Using `OPTION (HASH JOIN)`

This hint forces all join operations in the query to use the hash join algorithm.

Syntax Example:

SELECT
    p.ProductName,
    o.OrderDate
FROM
    Production.Products AS p
INNER JOIN
    Sales.OrderDetails AS od ON p.ProductID = od.ProductID
INNER JOIN
    Sales.Orders AS o ON od.OrderID = o.OrderID
OPTION (HASH JOIN);

Using `INNER HASH JOIN`

You can also specify the HASH JOIN hint directly between the tables in the FROM clause if you only want to force a specific join to be a hash join.

Syntax Example:

SELECT
    e.FirstName,
    d.DepartmentName
FROM
    HumanResources.Employees AS e
INNER HASH JOIN
    HumanResources.Departments AS d ON e.DepartmentID = d.DepartmentID;

Important Note: Forcing join hints should be done with caution. It can override potentially better choices by the optimizer and may lead to performance degradation if not used appropriately. Always test thoroughly.

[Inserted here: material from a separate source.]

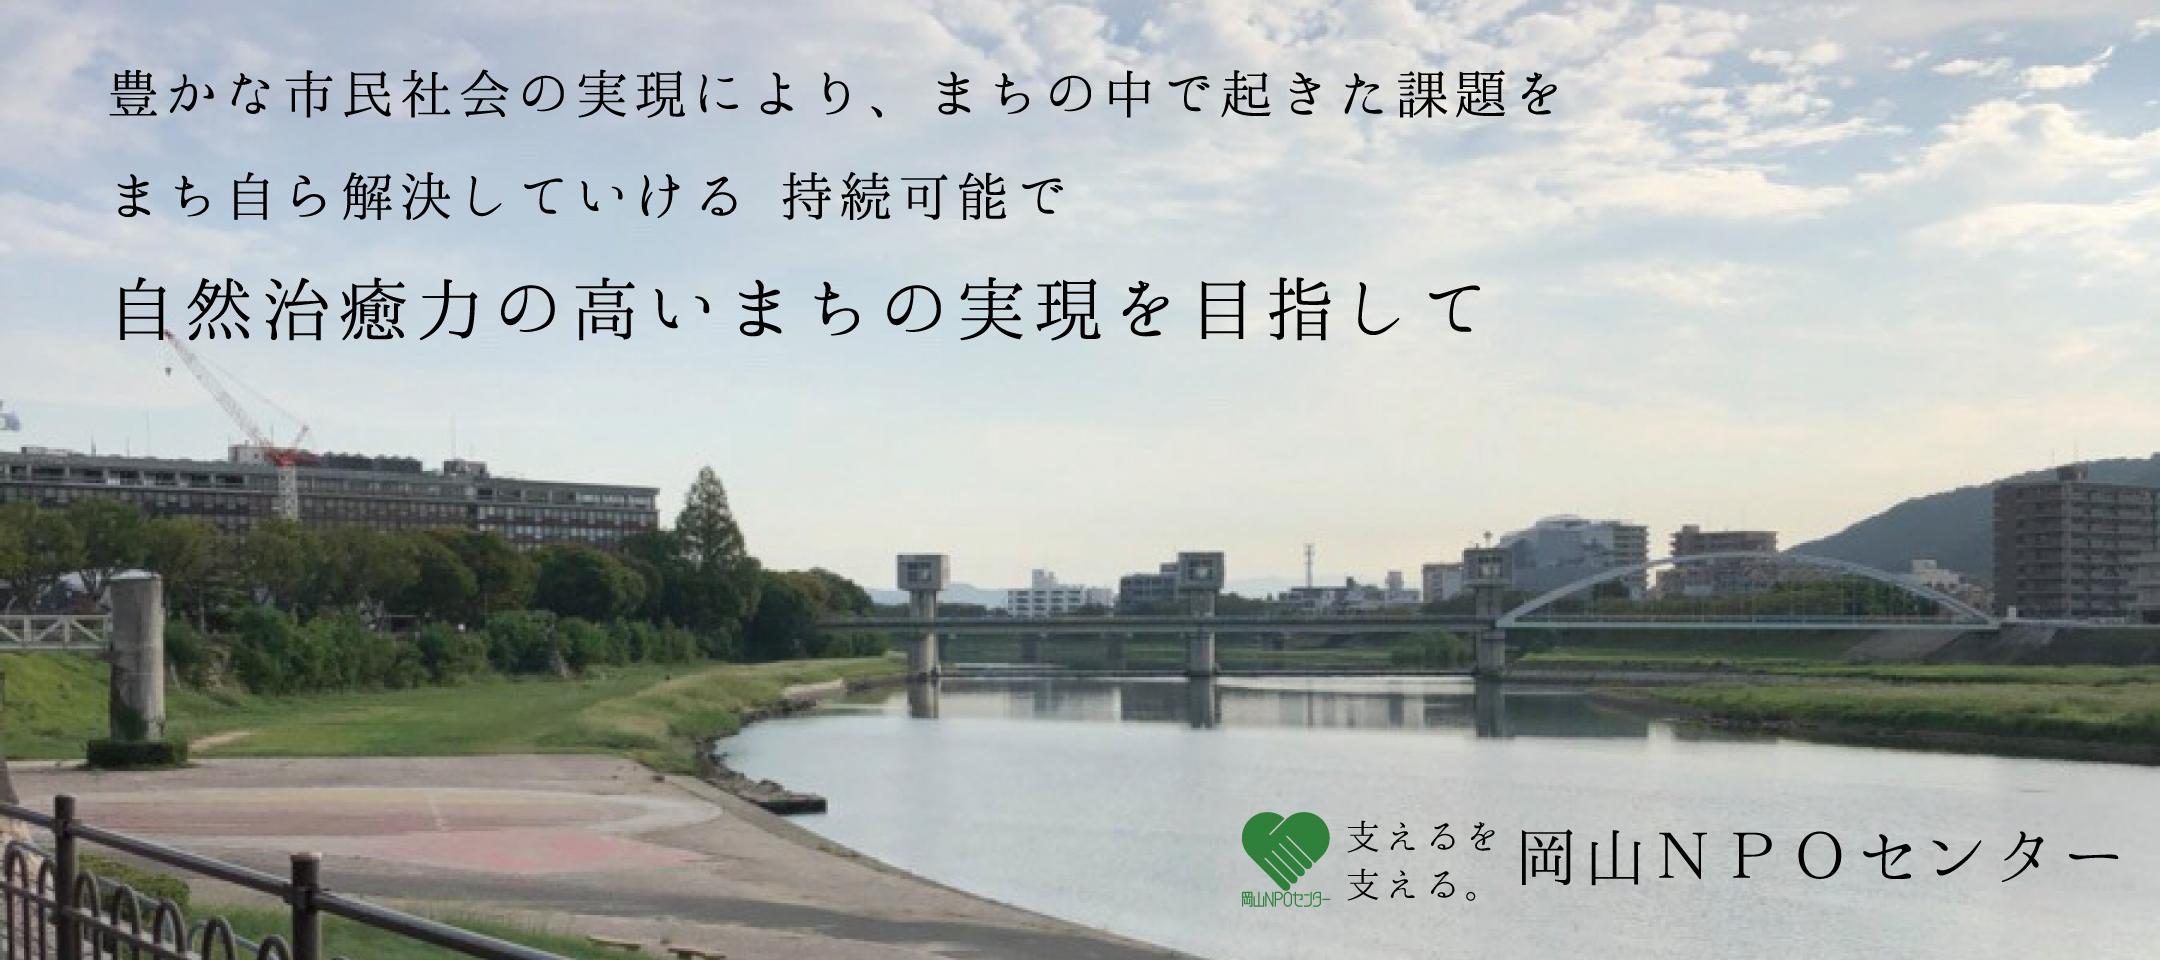 岡山NPOセンター

Understanding Hash Join Types

The efficiency of a hash join heavily depends on whether the build input can fit entirely into memory. SQL Server manages this through different types of hash joins:

In-Memory Hash Join: This is the most efficient and ideal scenario. The entire build input fits into available memory, allowing all rows to be hashed and stored in RAM. This leads to very fast probe operations as there's no disk I/O involved for the hash table itself.
Graceful Hash Join: If the build input is too large to fit entirely into memory, SQL Server employs a graceful hash join. It partitions both the build and probe inputs into multiple files on disk (in tempdb). It then processes these smaller partitions one by one, building an in-memory hash table for each partition. This reduces memory pressure but introduces I/O to tempdb.
Recursive Hash Join: In extreme cases, if even a single partition from a graceful hash join is too large to fit into memory, SQL Server might resort to a recursive hash join. This involves further subdividing the partitions, potentially leading to multiple passes over tempdb. This indicates severe memory pressure and can be a significant performance bottleneck.

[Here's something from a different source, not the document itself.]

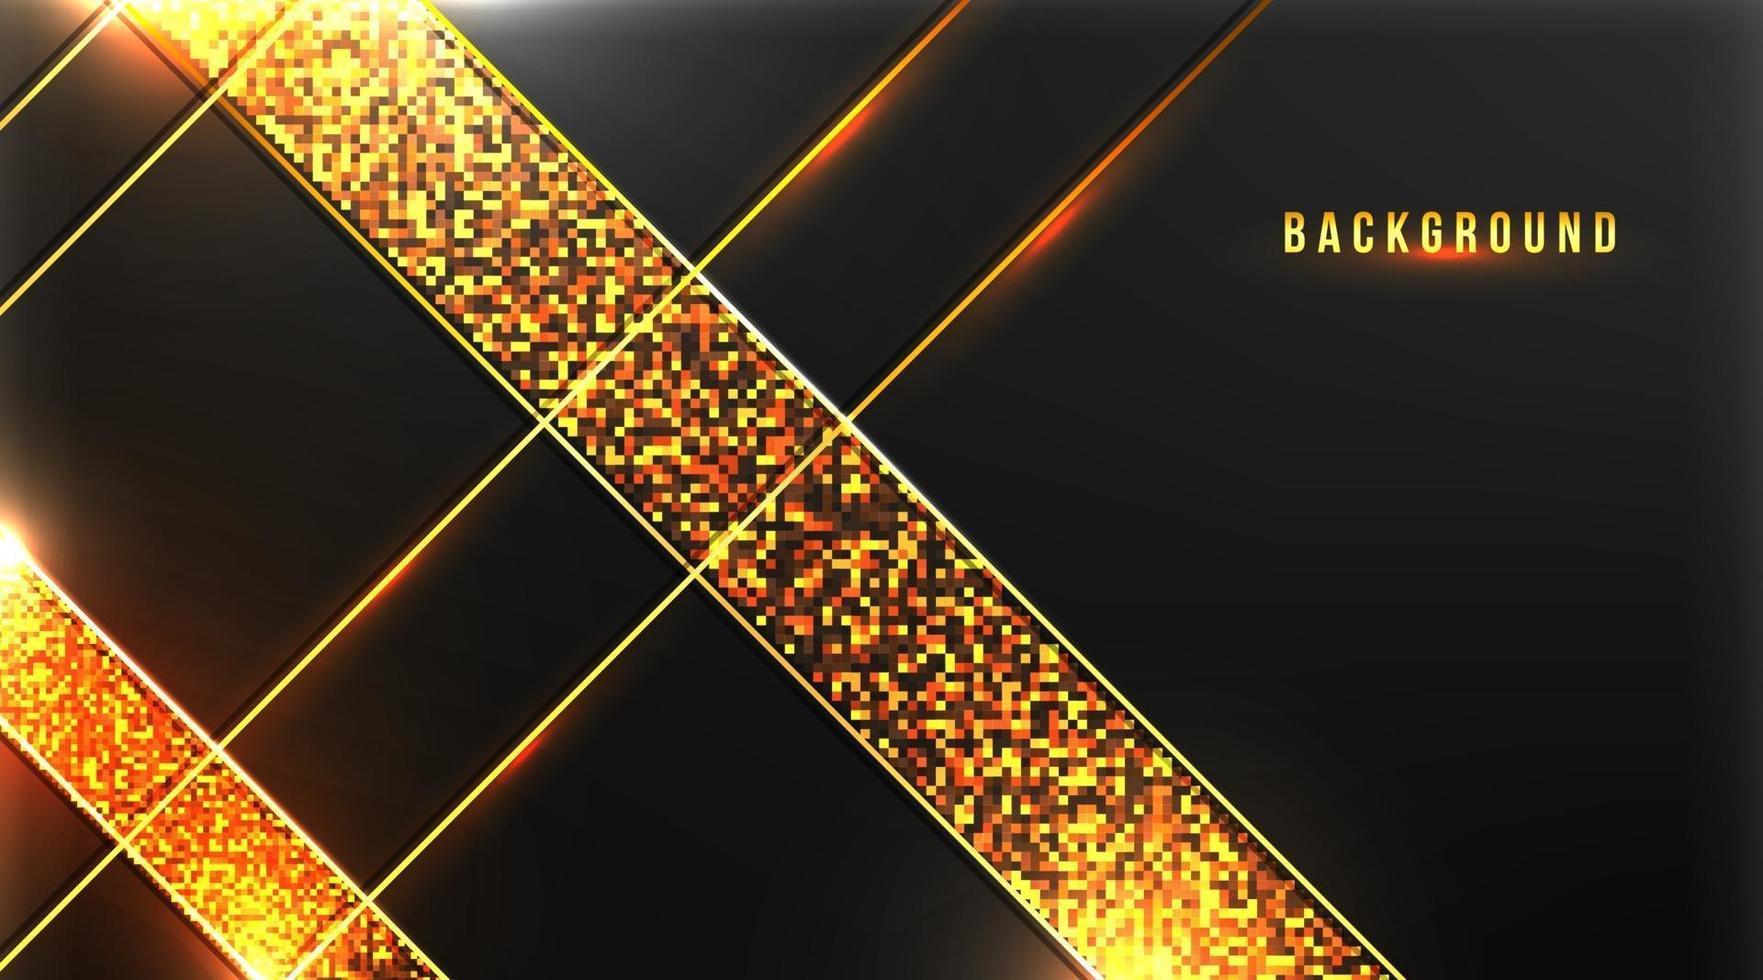 abstrakter Premiumhintergrund mit Gold auf dunklem Hintergrundvektorillustration vektor

Advantages and Disadvantages of Hash Join

Feature	Advantages	Disadvantages
Performance	Excellent for joining large, unsorted datasets.	Can be slow if memory is insufficient, leading to `tempdb` spills.
	Efficient for non-indexed equality join columns.	Not ideal for small inputs where a Nested Loops Join might be faster.
Memory Usage	Optimal when the build input fits completely in memory.	Memory-intensive; excessive memory grants can impact other queries.
Data Skew	Generally handles data skew better than a Merge Join in certain scenarios.	Can still suffer performance issues if hash bucket collisions are severe.
Join Type	Exclusively suited for equality joins (`=`).	Not applicable for non-equality joins (`<`, `>`, `LIKE`).
Input Sorting	Does not require inputs to be sorted, avoiding sorting overhead.	Builds a hash table, which adds an initial processing step.

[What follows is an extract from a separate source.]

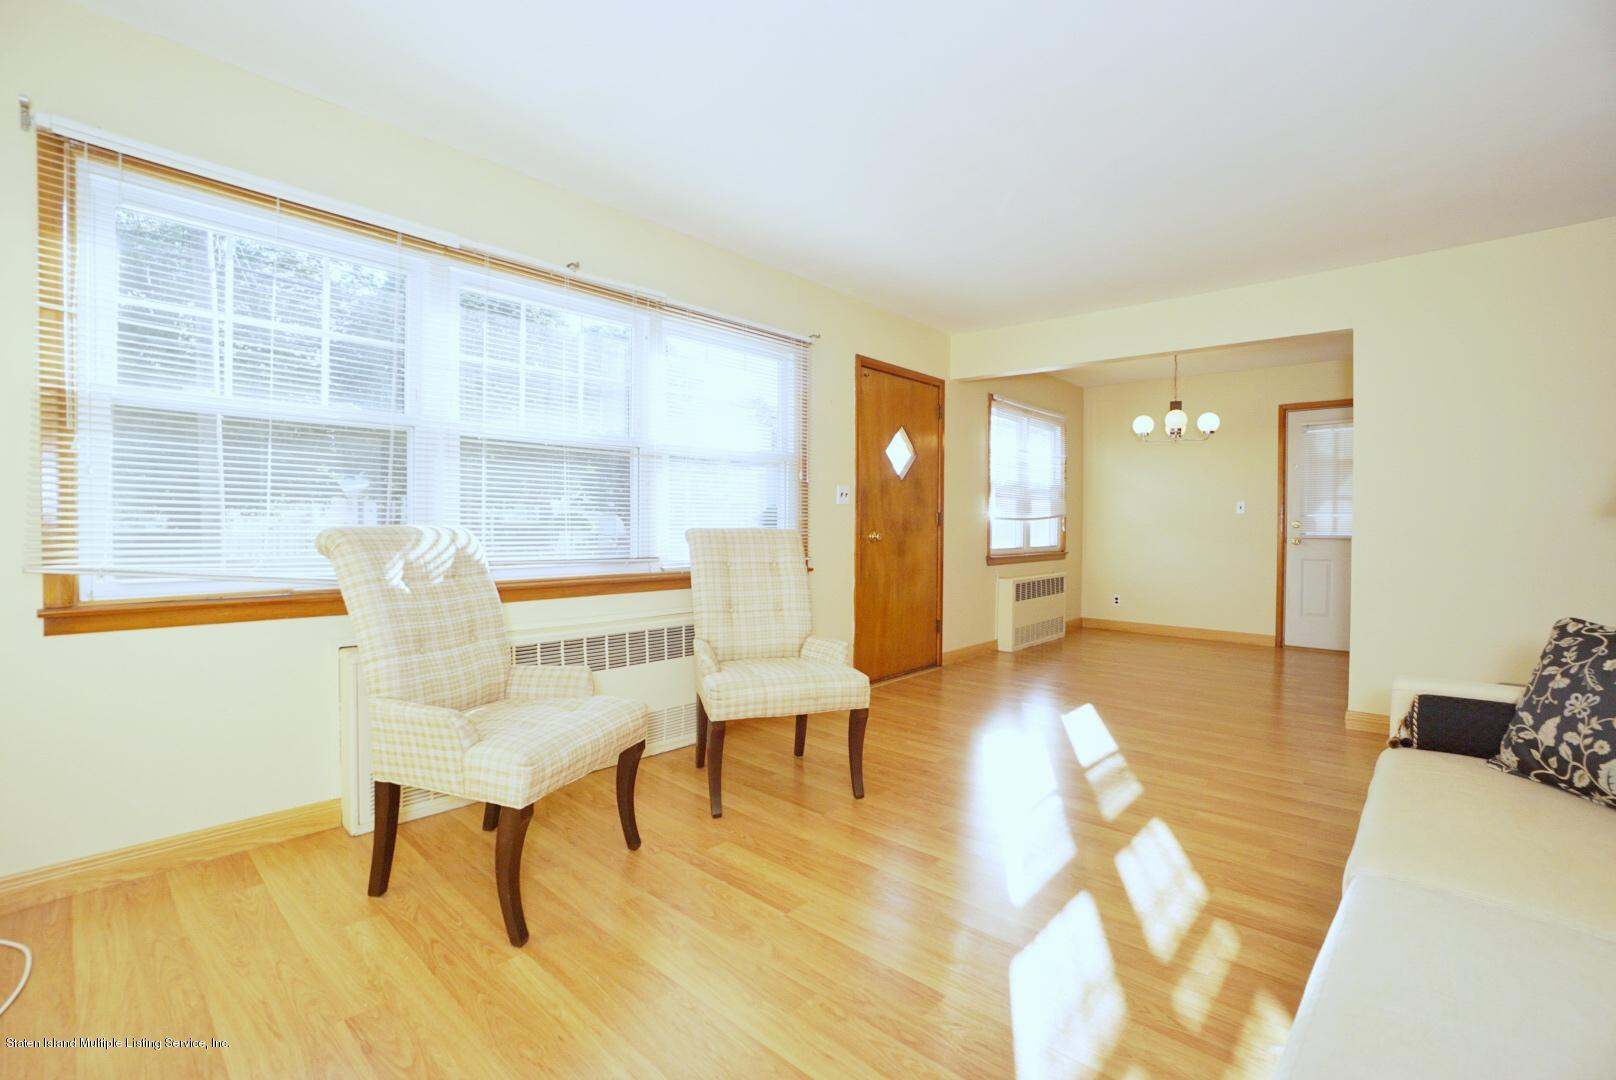 Single Family - Detached 215 Fairbanks Avenue  Staten Island, NY 10306, MLS-1138817-10

Practical Considerations and Best Practices

Monitor tempdb Usage: Frequent tempdb spills by hash joins (indicating graceful or recursive hash joins in execution plans) often point to insufficient memory or suboptimal query design. Monitor tempdb activity and look for "Workfiles" or "Worktables" in query plans.
Examine Execution Plans: Always review the graphical execution plan to understand which join operator SQL Server is using and why. Pay close attention to warnings about memory grants or spills.
Memory Grant Feedback: SQL Server 2017 and later versions include memory grant feedback, which can dynamically adjust the memory granted to hash join operators over time to improve performance and reduce spills.
Avoid Forcing Joins Unnecessarily: Trust the query optimizer unless you have a compelling, tested reason to override its decision. Query hints should be used judiciously and after thorough testing.
Index Strategically: While hash joins don't require indexes, having appropriate indexes can sometimes allow the optimizer to choose a Nested Loops or Merge Join, which might be more efficient for specific scenarios.

By understanding how hash joins work and their typical use cases, you can better interpret SQL Server's query plans and diagnose performance issues related to join operations. For more in-depth information, consult the official Microsoft Learn documentation on Join Hints.